Minutes of last month's meeting by the Financial Policy Committee (FPC) revealed concerns that the threat of cyber attacks "had many dimensions and was growing".
The FPC, which is charged with safeguarding financial stability, cautioned there were a number of "potential vulnerabilities" in the banking system and said it wants banks and other institutions - including the Bank of England - to draw up plans for protection as a priority.
The UK's banking sector is particularly at risk due to old and complex IT systems, as well as a high degree of interconnectedness and its reliance on centralised infrastructure, such as payment systems and clearing houses.
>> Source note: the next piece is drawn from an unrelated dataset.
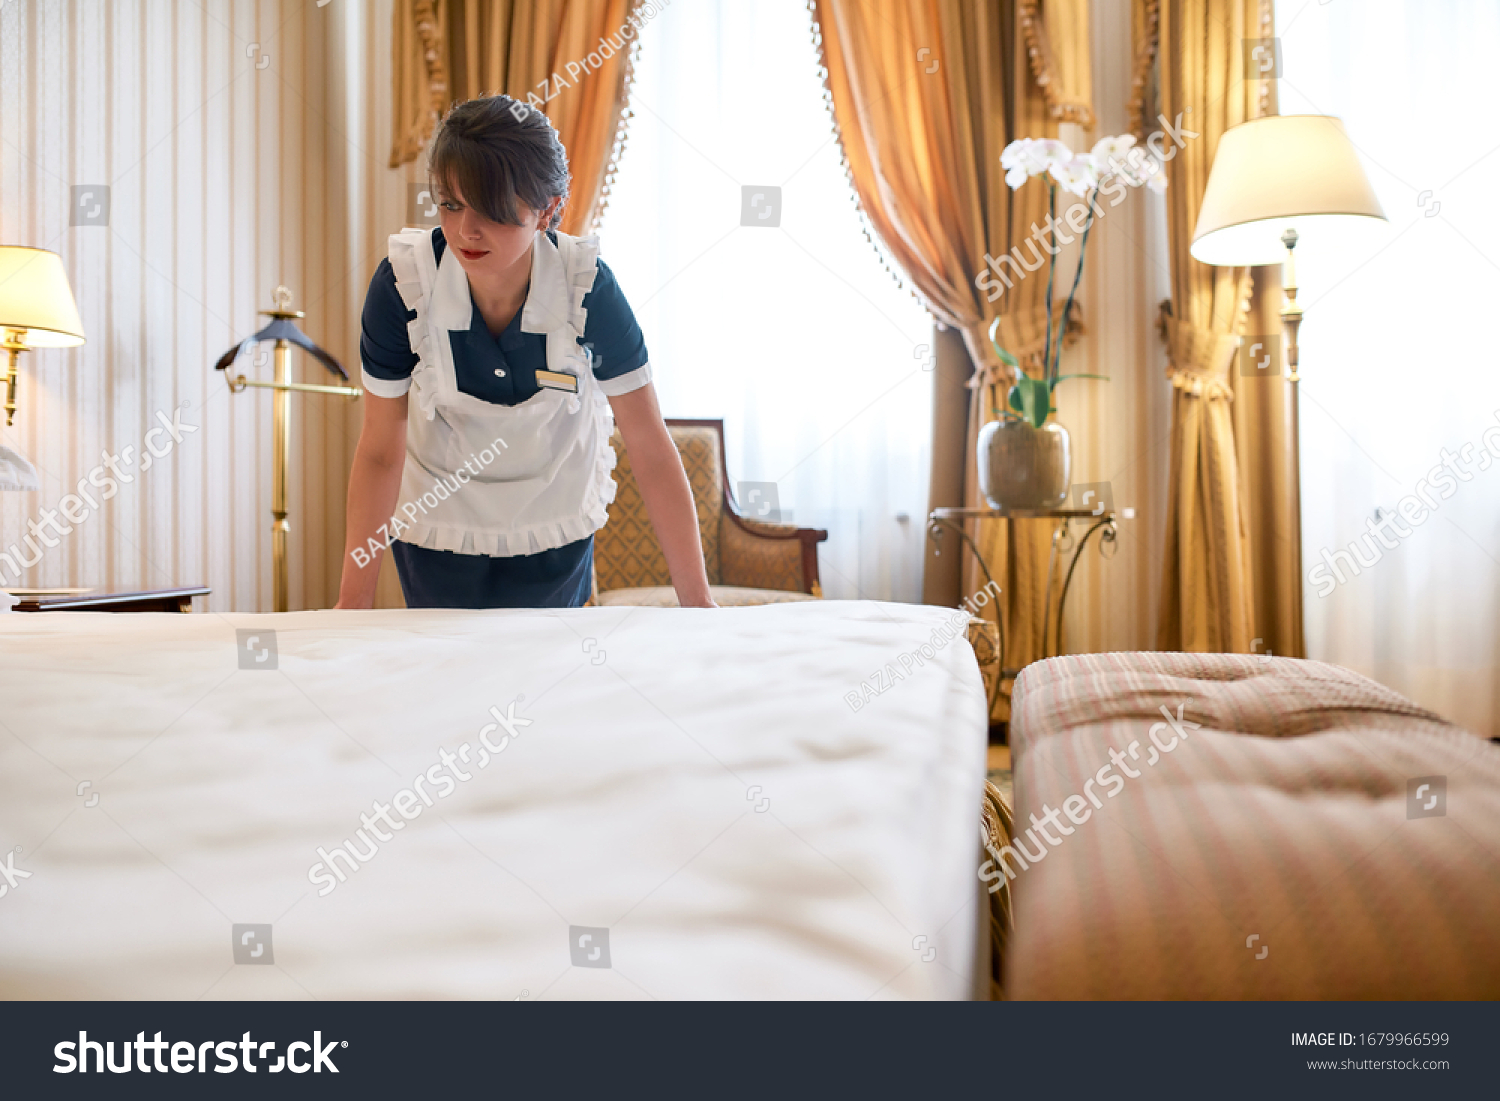 Hotel maid in uniform changing linen and making bed in luxury hotel room. Room service concept. Horizontal shot #1679966599

Treasury officials are already working on plans to assess, test and improve the system's resilience to cyber attacks.
But the FPC, which is c haired by Bank governor Mark Carney, said there now needs to be a "concrete plan" in place by the end of the first quarter of 2014, with a progress report before the end of this year.
Alongside the cyber concerns, the FPC has already confirmed it is keeping a close watch over the UK's housing market, last week issuing a statement from the meeting on September 18 confirming it was " vigilant'' and ready to act to prevent another bubble that could threaten financial stability.
The Bank also separately today published plans on how to stress test banks each year, proposing to initially limit the exercise to the eight largest players - HSBC, Barclays, Royal Bank of Scotland, Lloyds Banking Group, Standard Chartered, Santander, Nationwide Building Society and Co-operative Bank.
It has launched a consultation on the stress tests, with a deadline for feedback set for January 10 next year.